Most worryingly, they lowered the minimum working age for children from 15 to 14.

This age drop is likely designed to help businesses involved in 4+4+4, and will have little effect among the largest employers of children and young people - small businesses and farms.

The Turkish Labor Code already states that children between the ages of 14 and 17 cannot be employed in any hazardous work, and younger children cannot work at all. But exemption in the code nullifies all labor laws for agricultural businesses with fewer than 50 workers. For small businesses it is fewer than four.
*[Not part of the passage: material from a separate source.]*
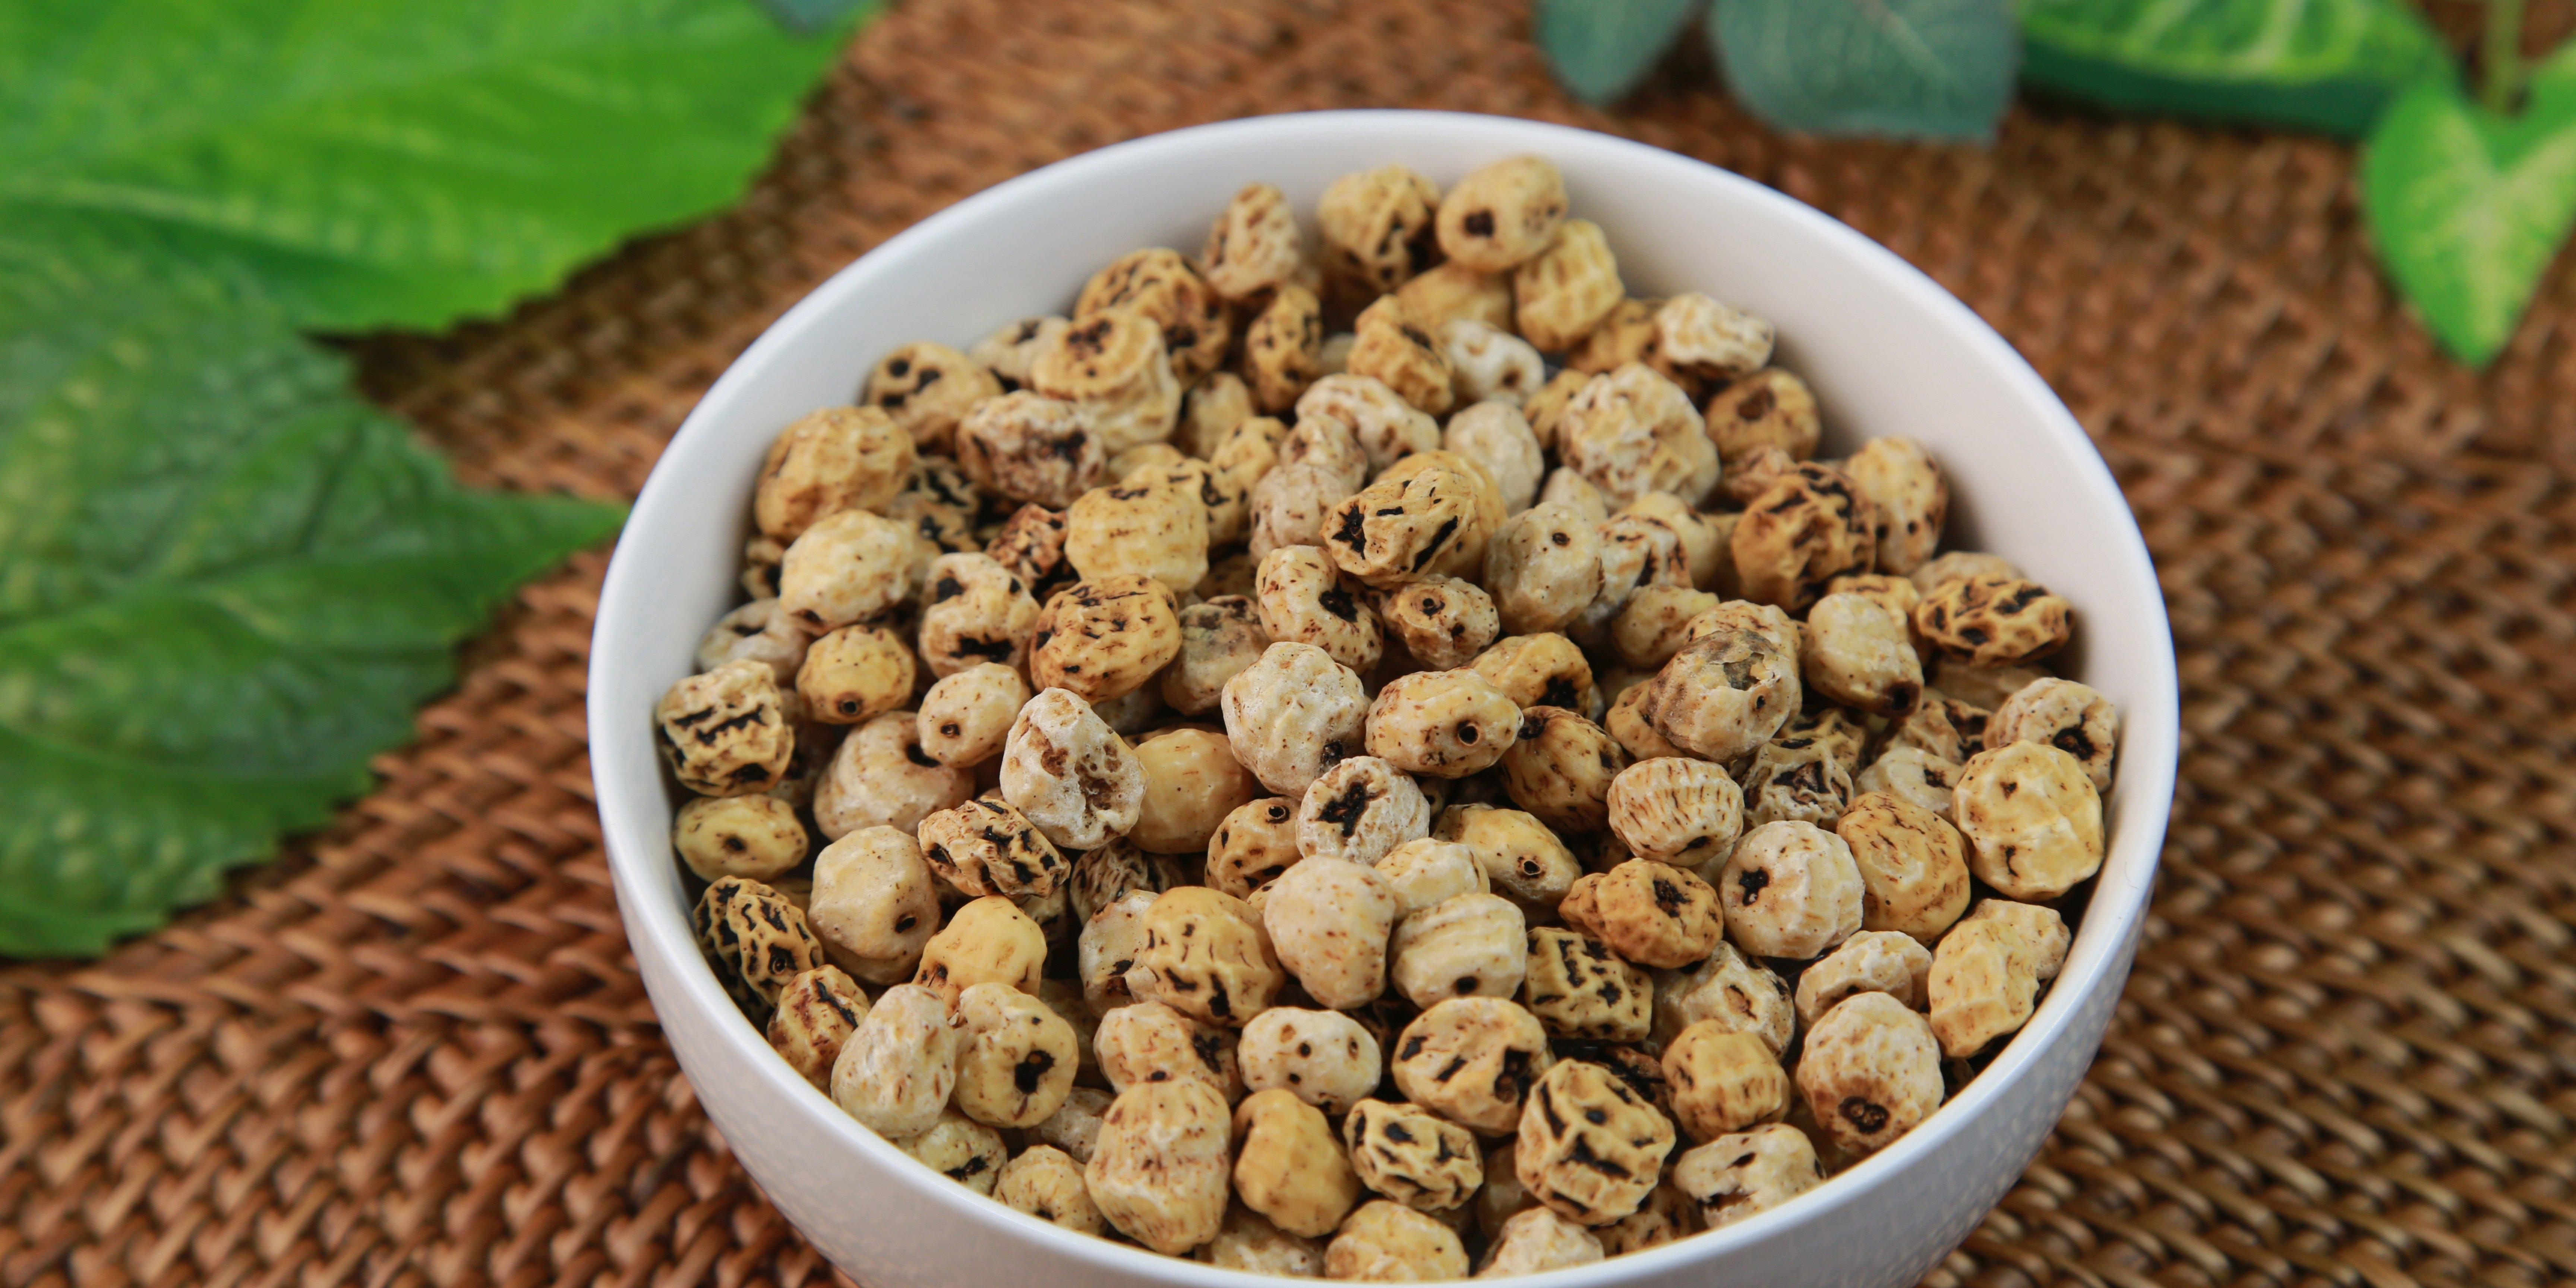 Assuaged-Tigernuts-In-Bowl-Image

UNICEF's Social Policy Officer for Turkey, Iraz Öykü Soyalp, rejects the idea that punishing employers who hire and kill children through neglect would send a message.

“I do not think that increasing the punishment will make much of a difference," she says. "Children are not working because the fines are too low, or because it's not a big deal to pay the fine. Even if you increase the fine… the child's life will not change".

Koçabay from ILO disagrees.

"There should be, in my personal opinion, proper punishment and penalties for whoever is responsible," he says.

"If the family is responsible, the neighbour, the government, or even we [organizations] whose purpose is to intervene, all of us should to take responsibility."

The ILO estimates that 168 million children worldwide are engaged in child labor.

Neither the Turkish Ministry of Labor, Ministry of Education, AKP press office nor members of the Health and Safety sub-commission responded to requests for comment.